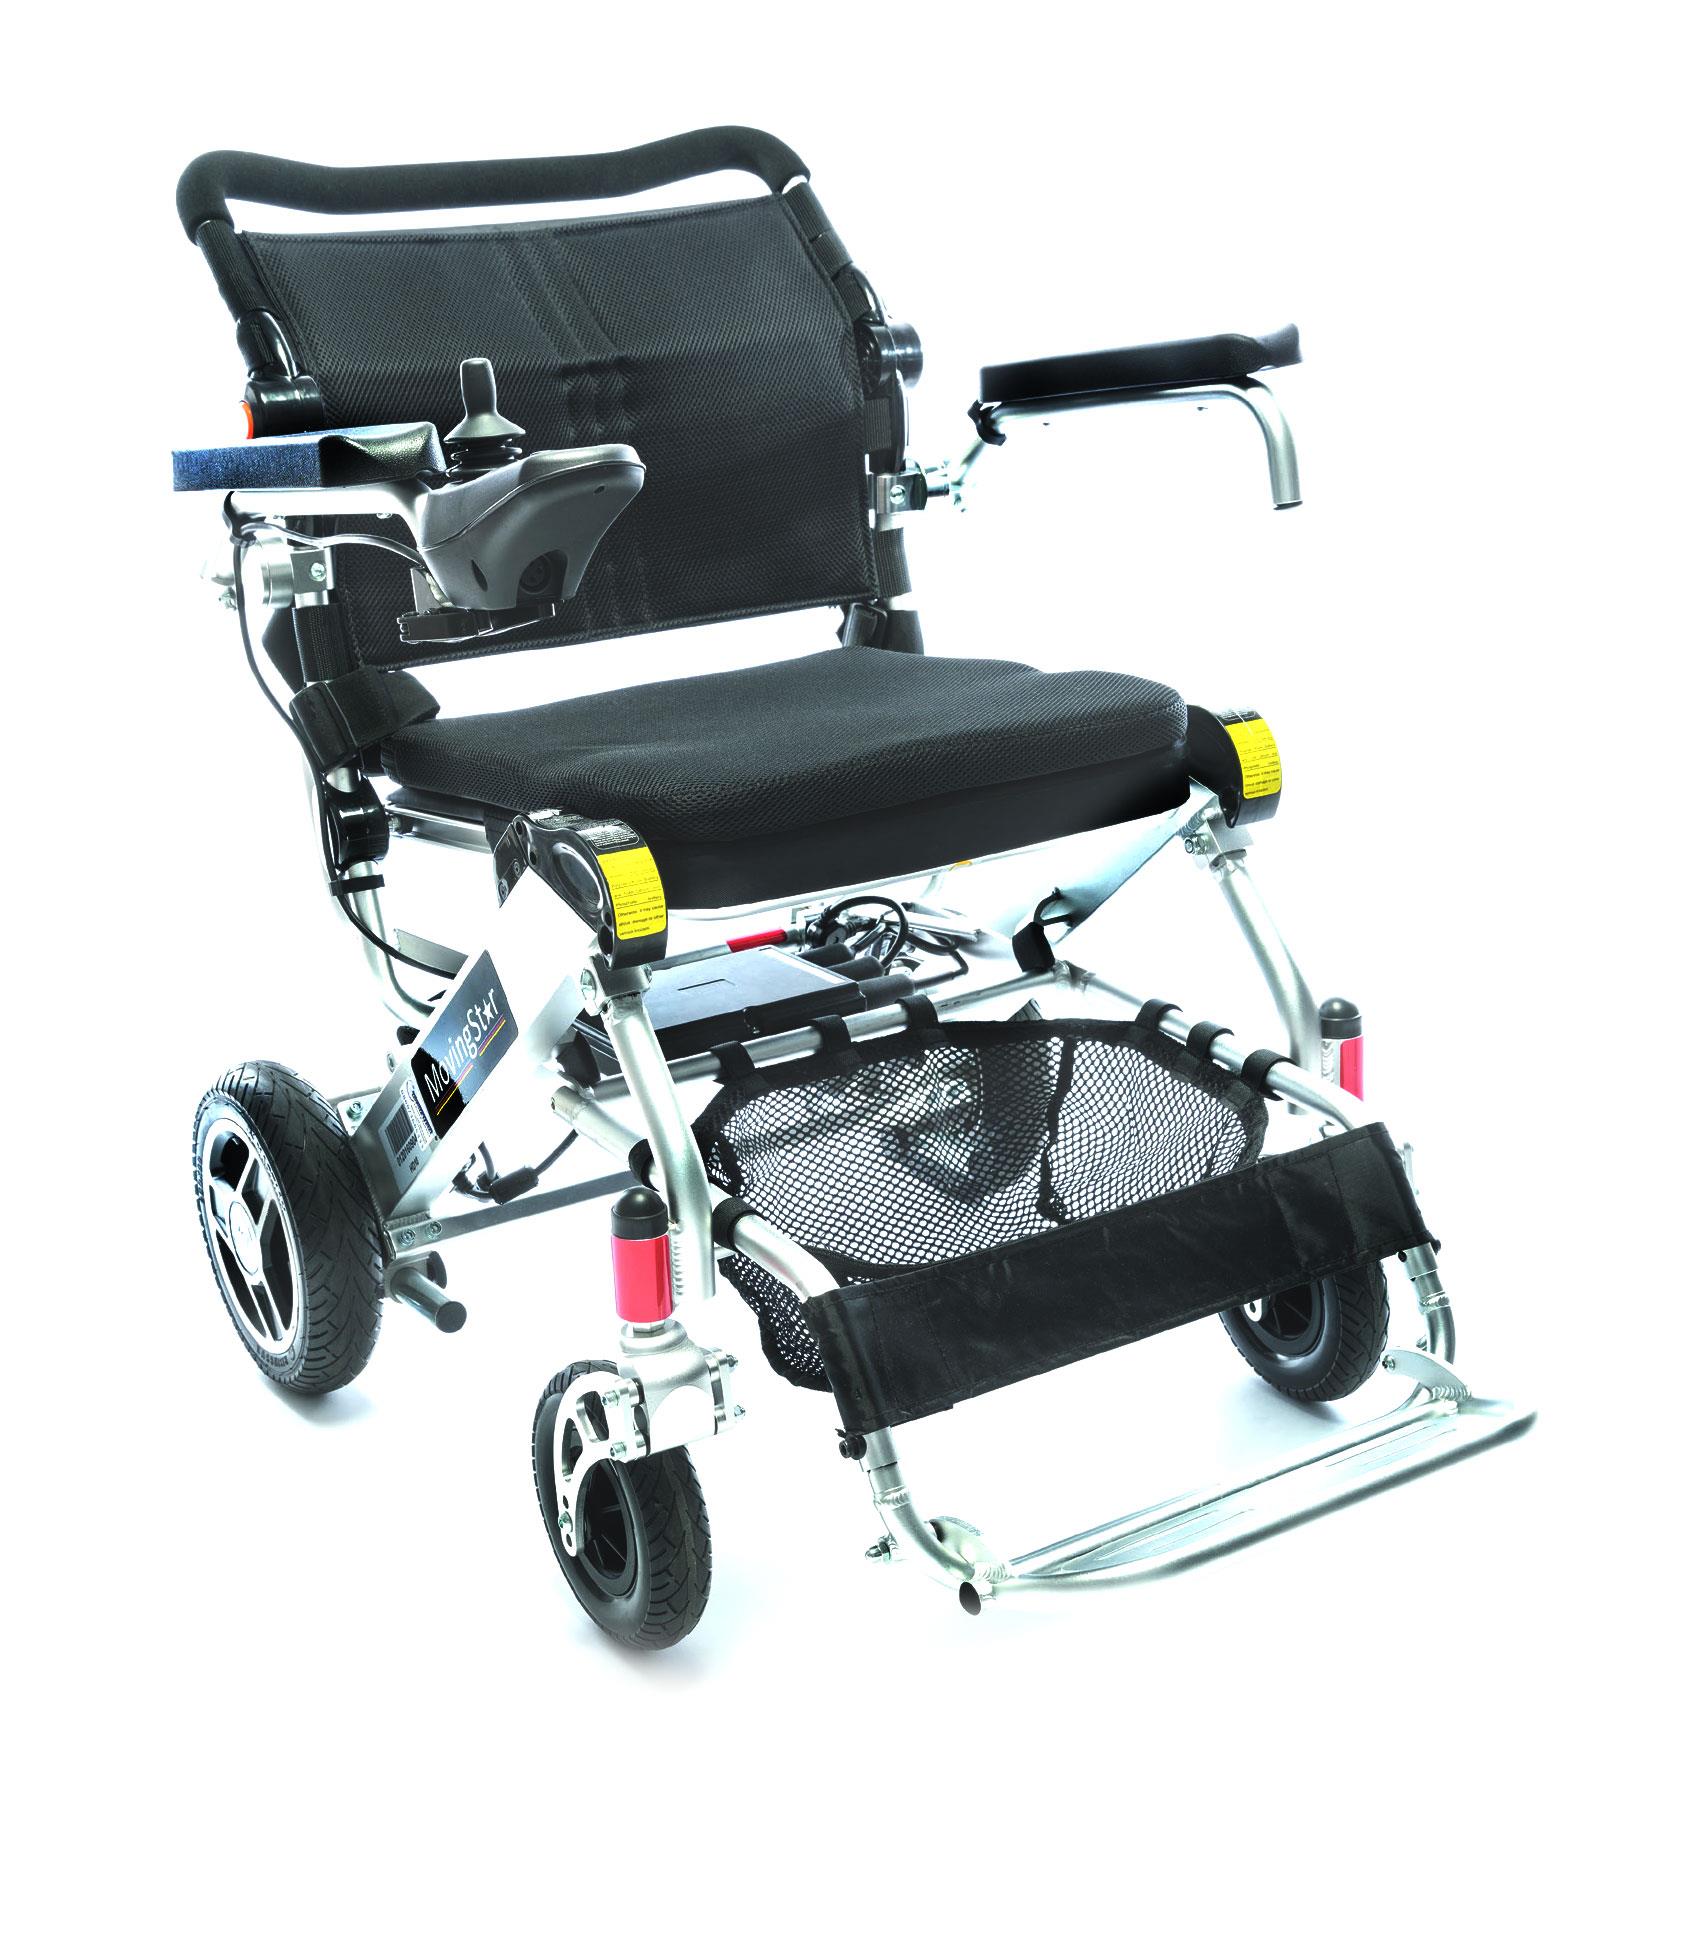 MOVINGSTAR 401 foldable power wheelchair - exhibition vehicle
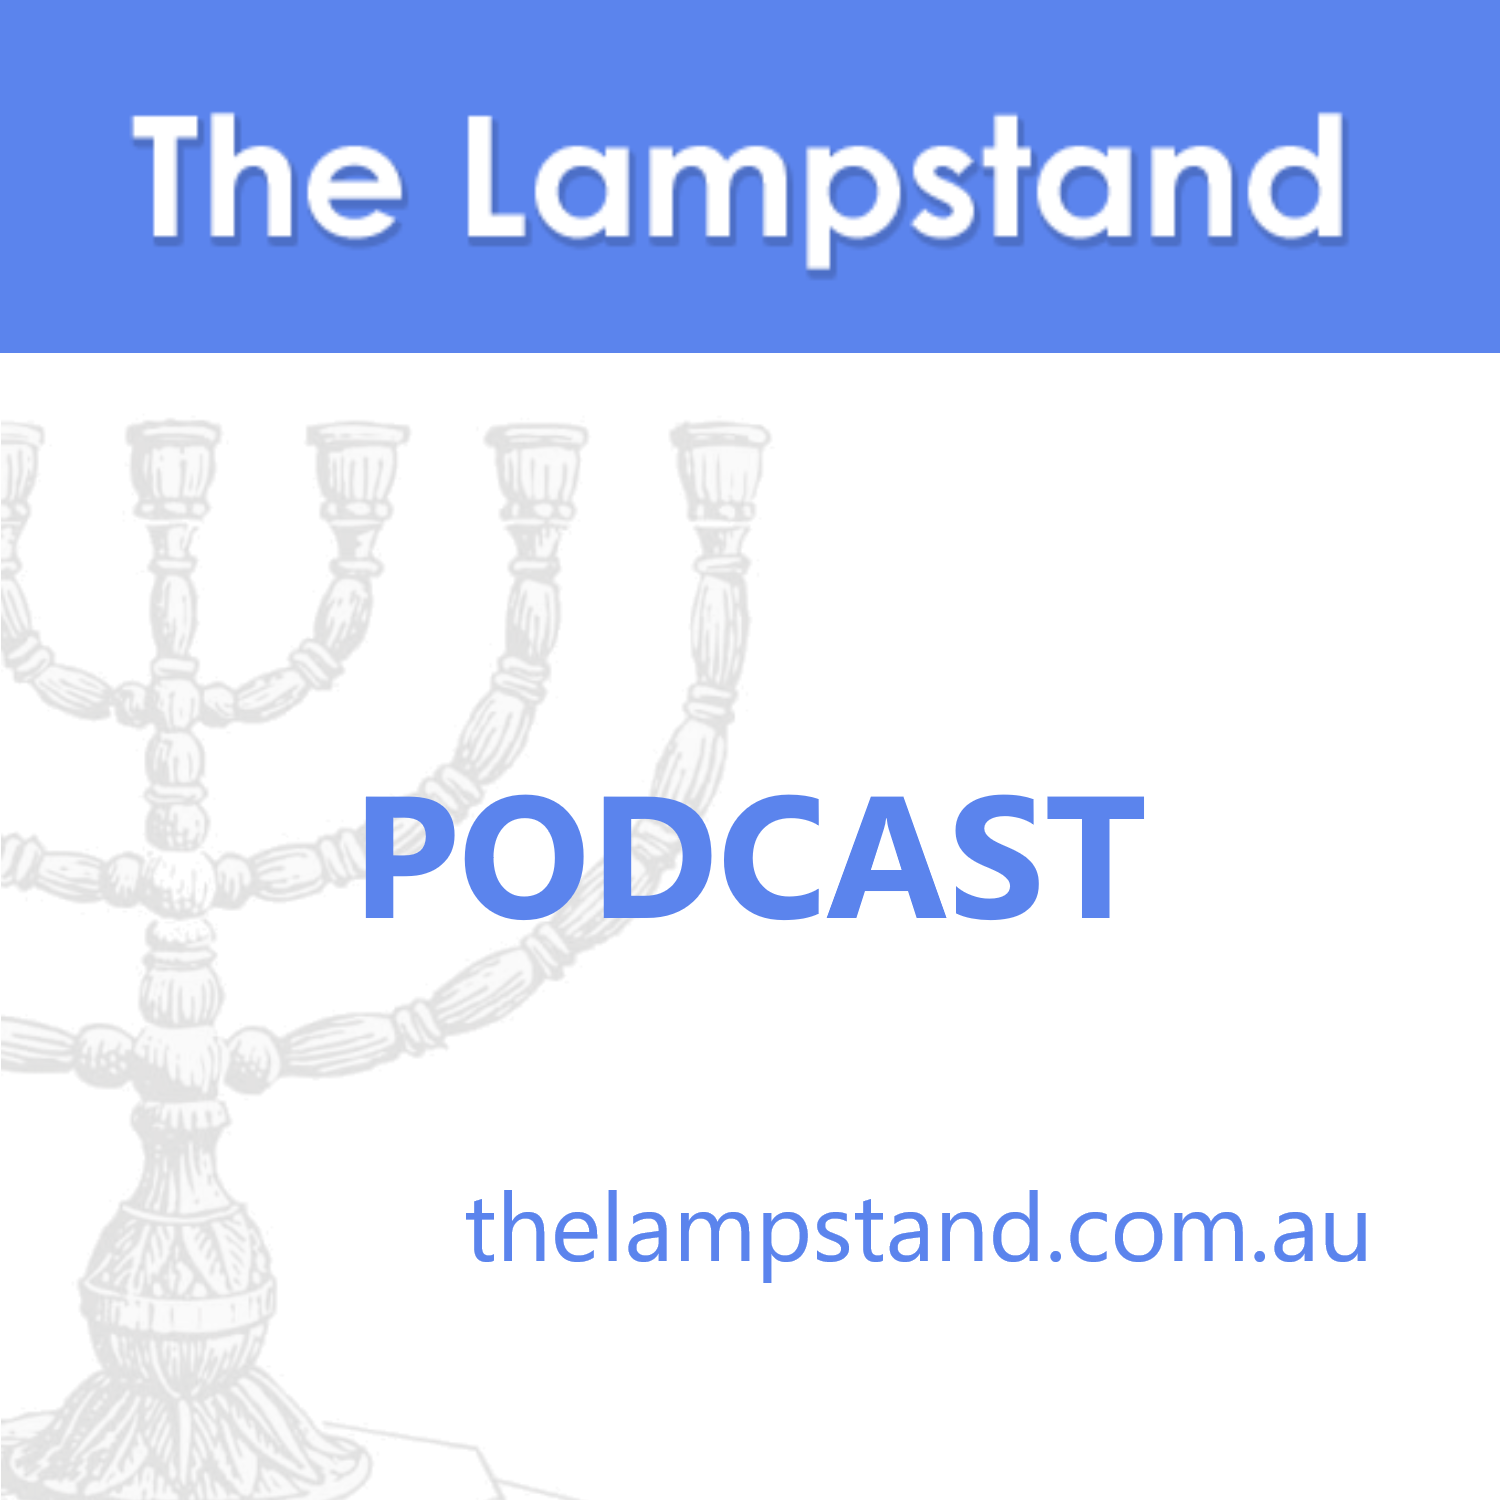 The Lampstand Magazine
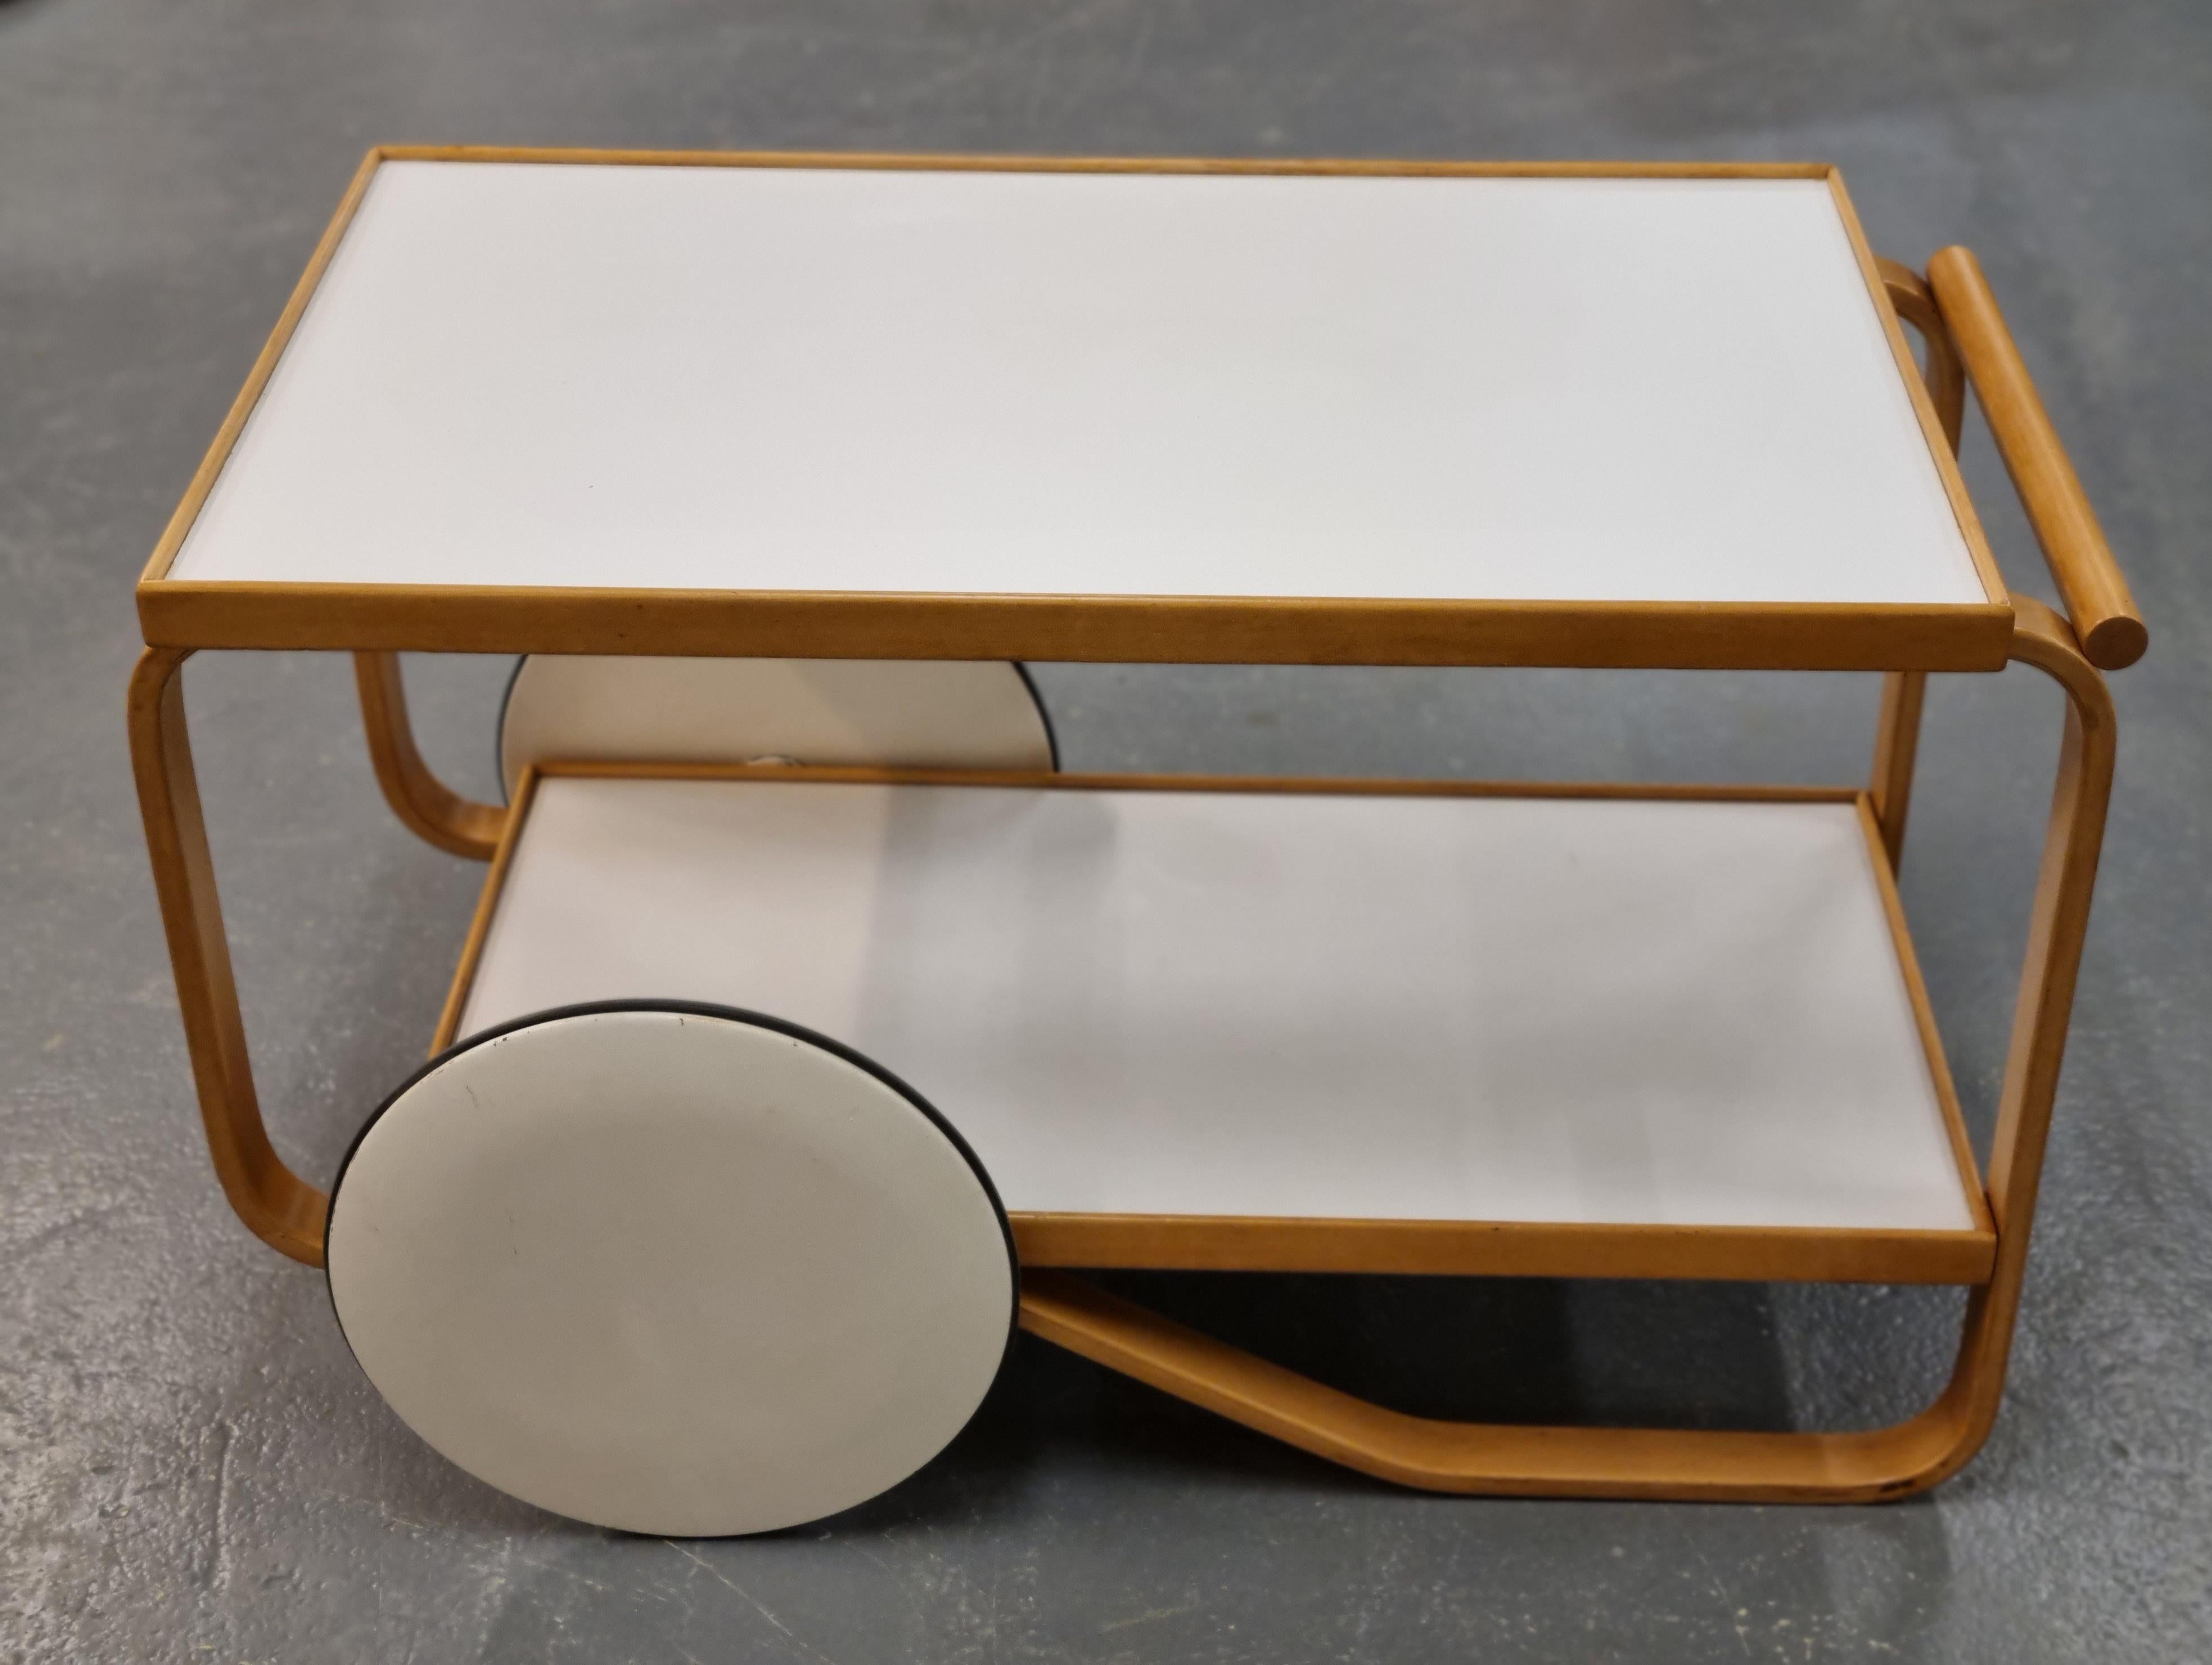 Alvar Aalto first introduced this model cart in the 1930s. It is the simplest of his cart series. Inspirations of the British tee culture as well as Japanese wood works is evident in this piece.
This simple yet elegant cart is easy to move and is of

===

DESCRIPTION OF THE TASK: Your copy must begin at the line containing "The Lampstand Magazine" and end at the last line of the material above. Reproduce each line exactly, but not the pictures.

ANSWER TO THIS EXERCISE:
 The Lampstand Magazine
 Alvar Aalto first introduced this model cart in the 1930s. It is the simplest of his cart series. Inspirations of the British tee culture as well as Japanese wood works is evident in this piece.
This simple yet elegant cart is easy to move and is of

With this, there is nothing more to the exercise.